Pictures in the data should be dropped; transcribe exactly the lines from the one that has "Forum not reachable" through the one that has "Green Reflections, Lake Seed".

══ Dataset

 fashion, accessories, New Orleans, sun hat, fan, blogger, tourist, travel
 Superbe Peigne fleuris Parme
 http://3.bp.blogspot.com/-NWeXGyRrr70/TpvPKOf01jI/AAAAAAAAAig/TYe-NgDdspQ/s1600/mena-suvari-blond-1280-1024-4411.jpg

════
══ Dataset

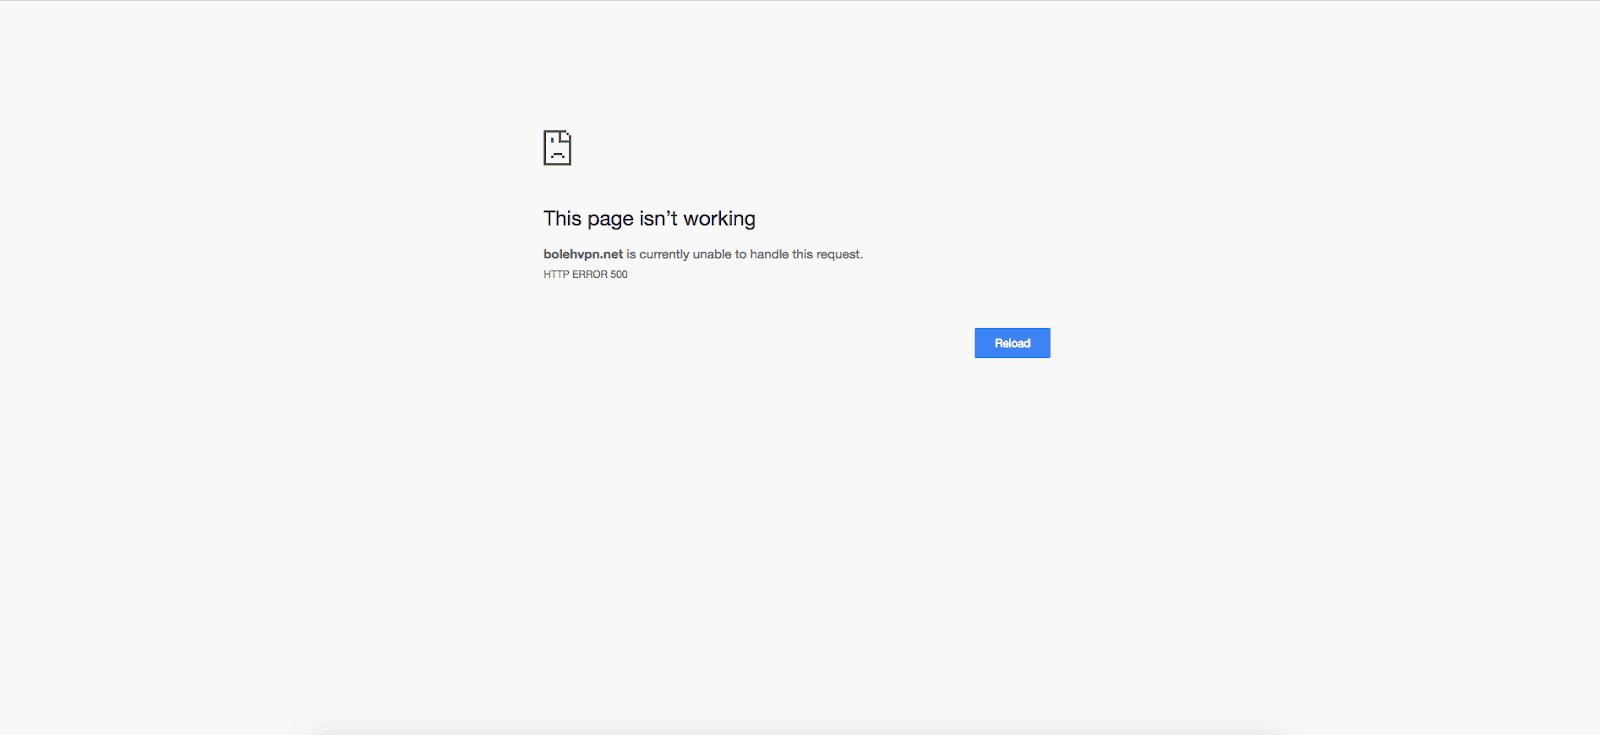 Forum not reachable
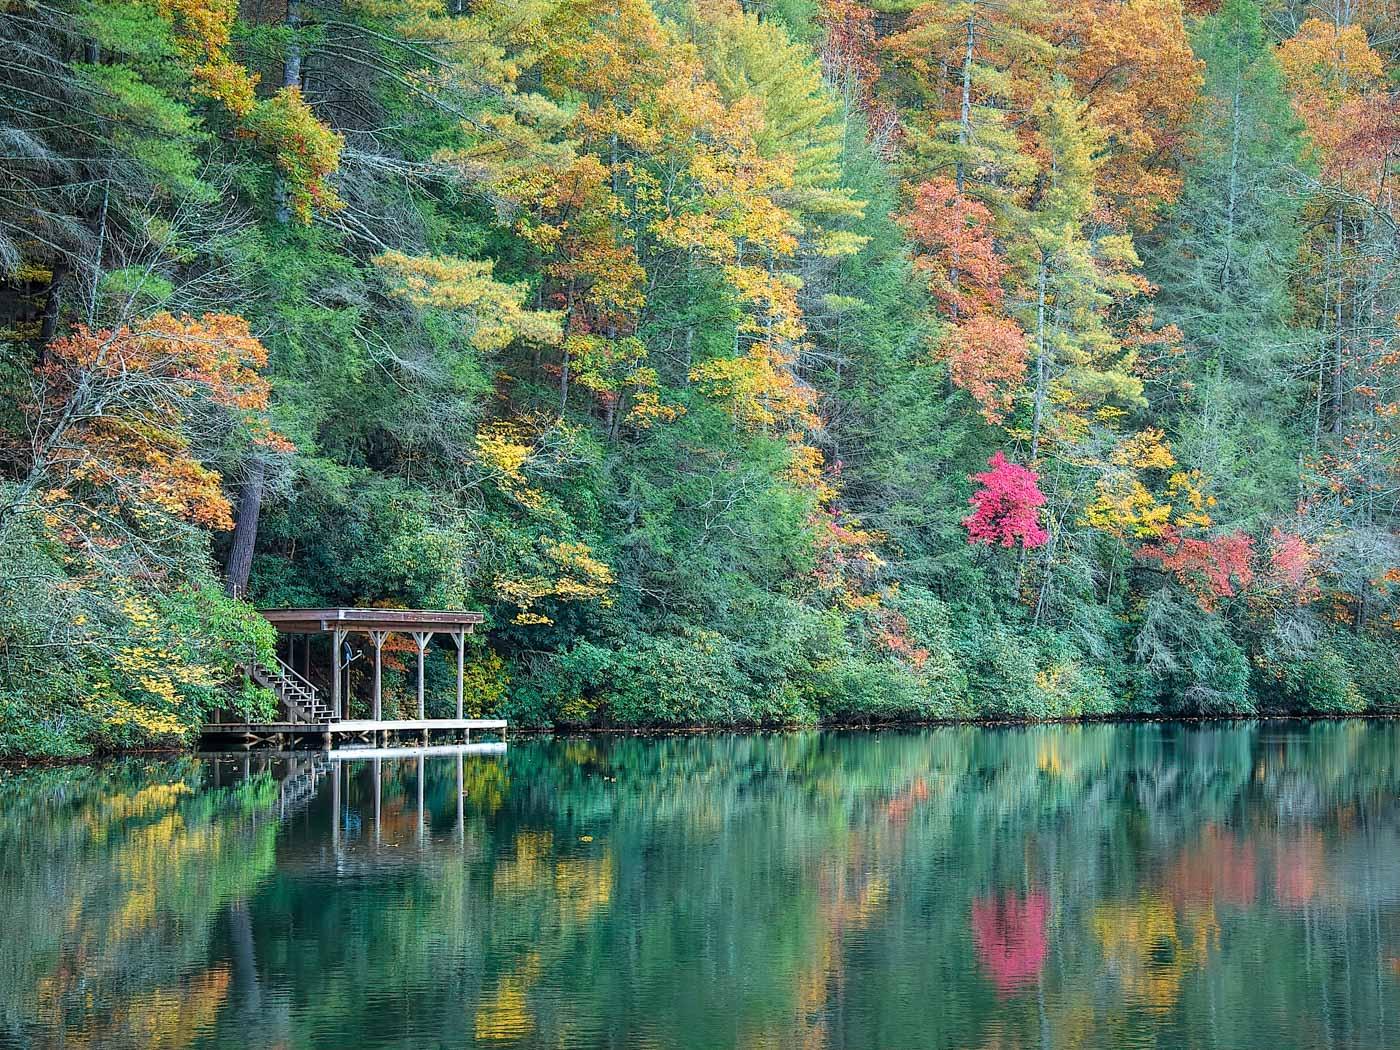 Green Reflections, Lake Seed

════
══ Dataset

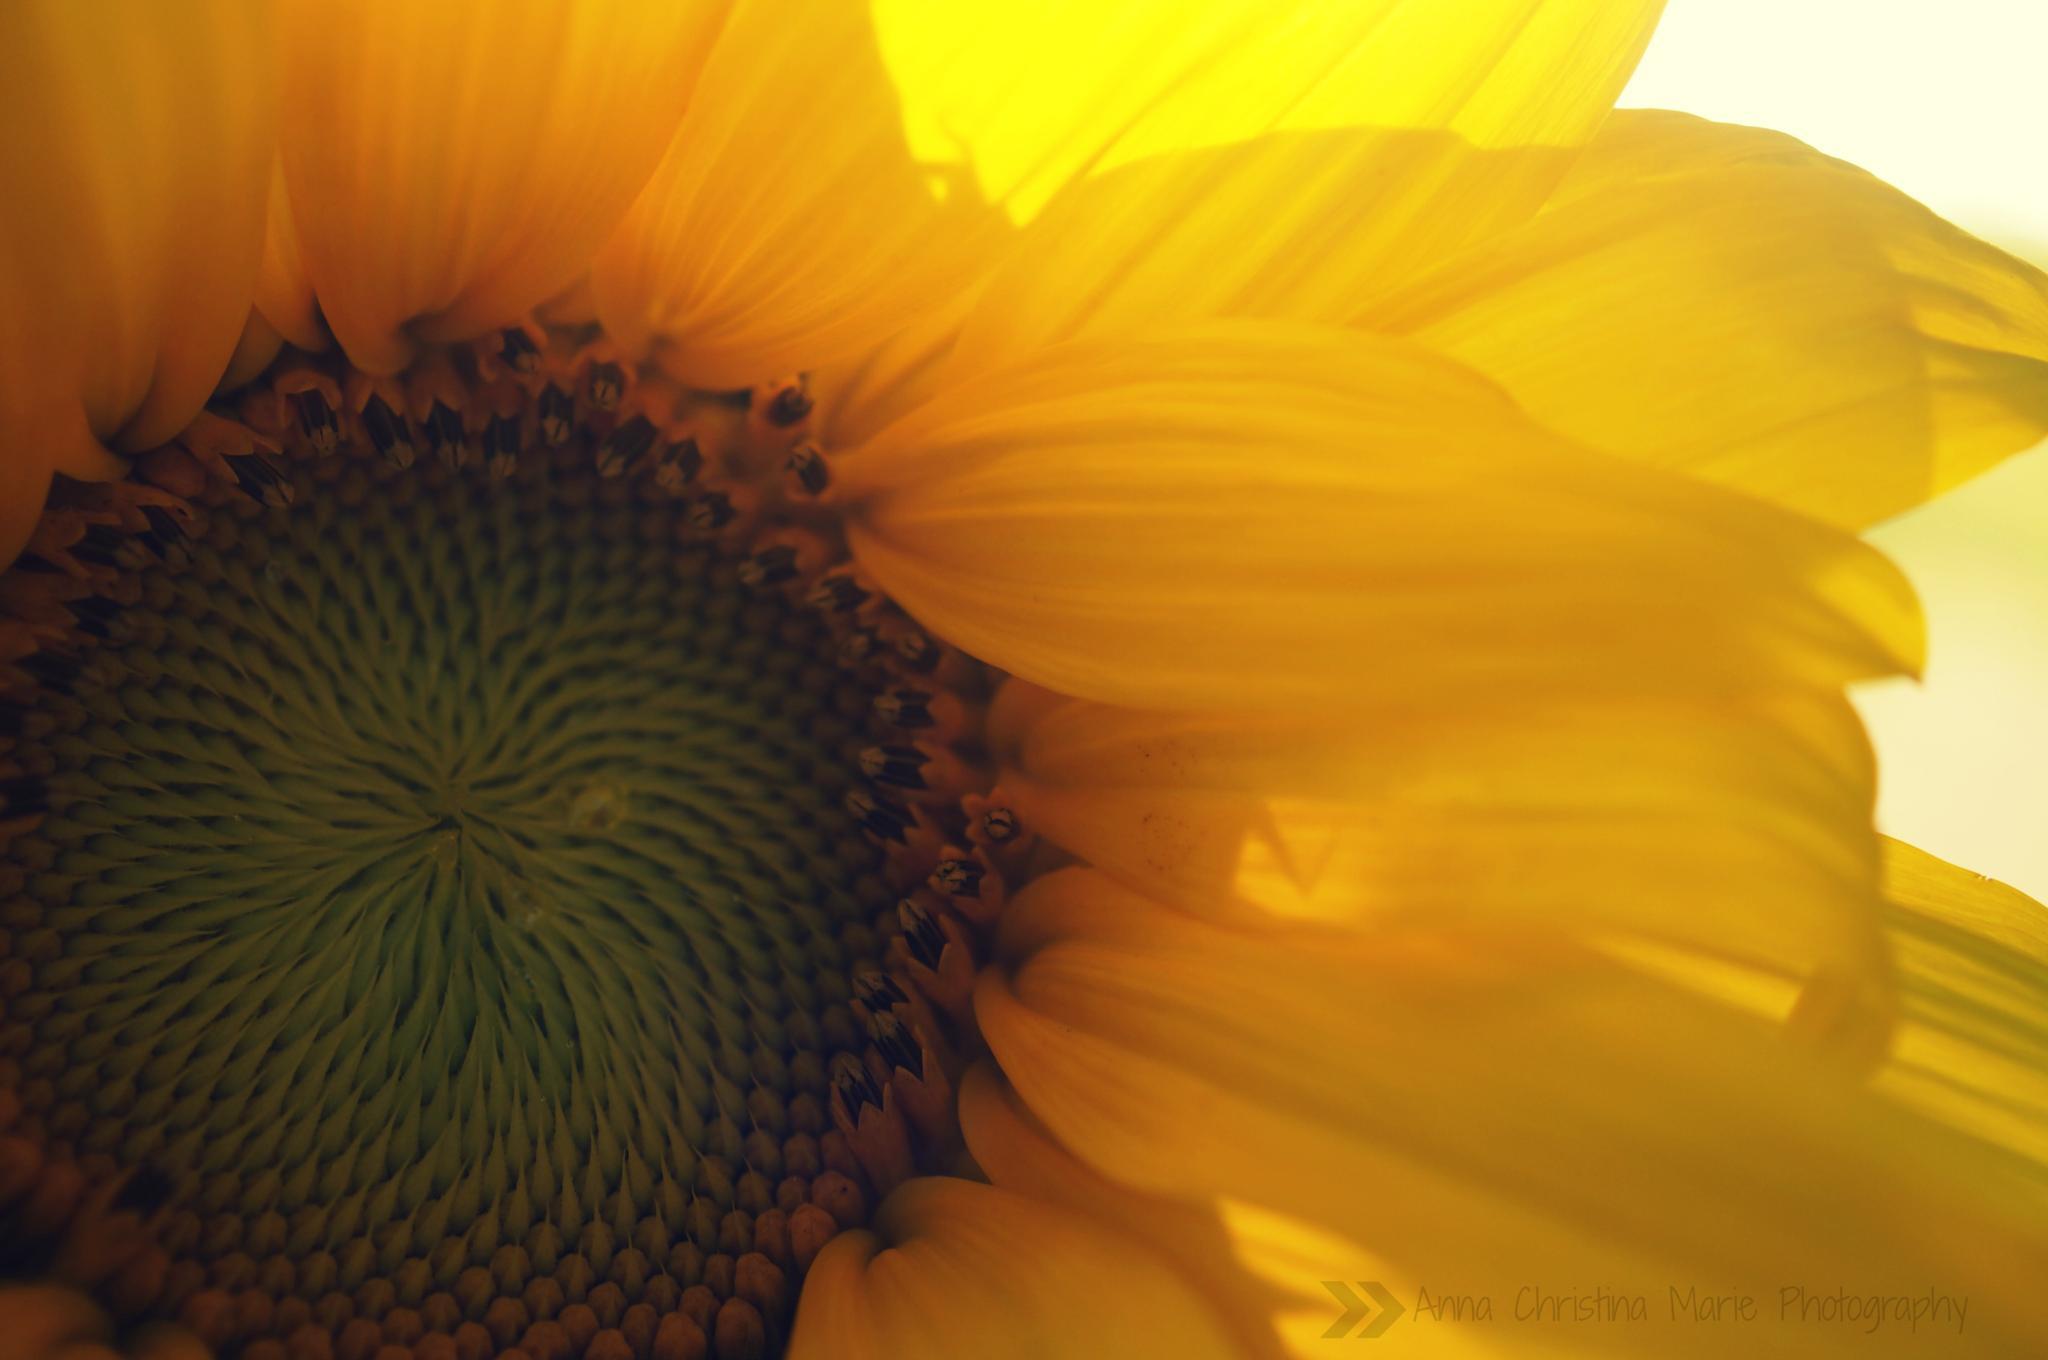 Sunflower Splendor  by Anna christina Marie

════

Exercise output:
 Forum not reachable
 Green Reflections, Lake Seed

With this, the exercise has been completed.